At the northern edge, a chirping cedar waxwing, its black mask resplendent in the morning sun, flitted effortlessly through an enormous sycamore tree, the leaves creating a soft green canopy across the Brandywine.

Along the creek banks, an exuberant crowd of youngsters from Avon Grove Middle School were launching canoes into the chilly water, forming a haphazard flotilla as the current carried them downstream.

Earlier, Zeke Hubbard, owner of Northbrook Canoe Co., was barking out instructions to more than 100 students, all wearing orange life-jackets and fully prepared to get wet.

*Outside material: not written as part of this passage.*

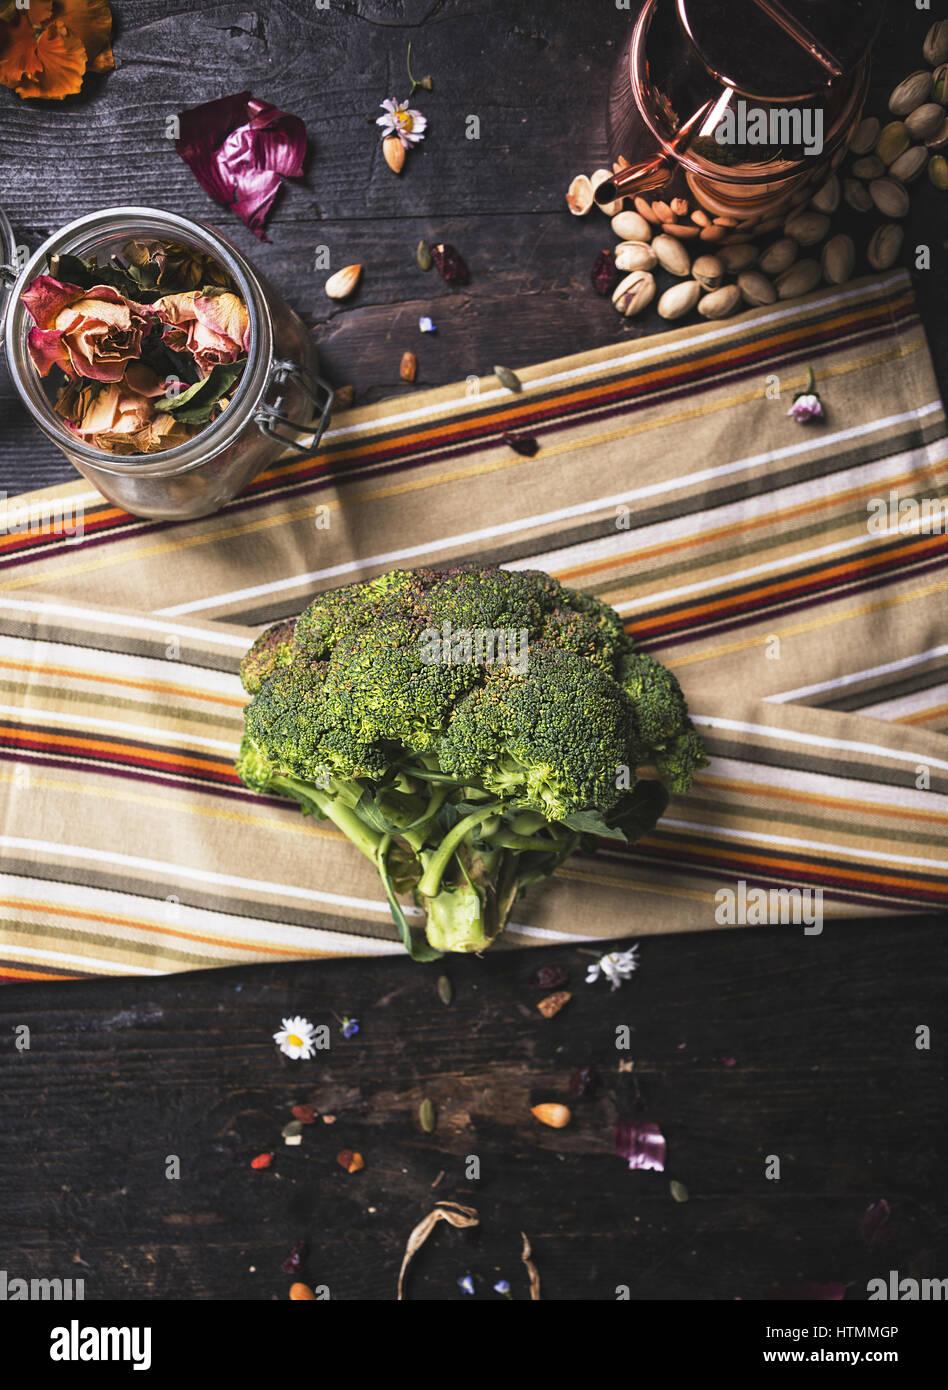 Raw broccoli on dark wooden table Stock Photo

He warned about low-hanging branches. "Don't lean backward - you'll get stuck in a tree," he said. "Lean forward."

"Brown runs you aground - that's shallow water," he said. "Follow the green!"

Nearby, song sparrows were singing, red-winged blackbirds darted through the meadows, and overhead a red-tailed hawk rode the thermals, spiraling higher into a brilliant blue sky.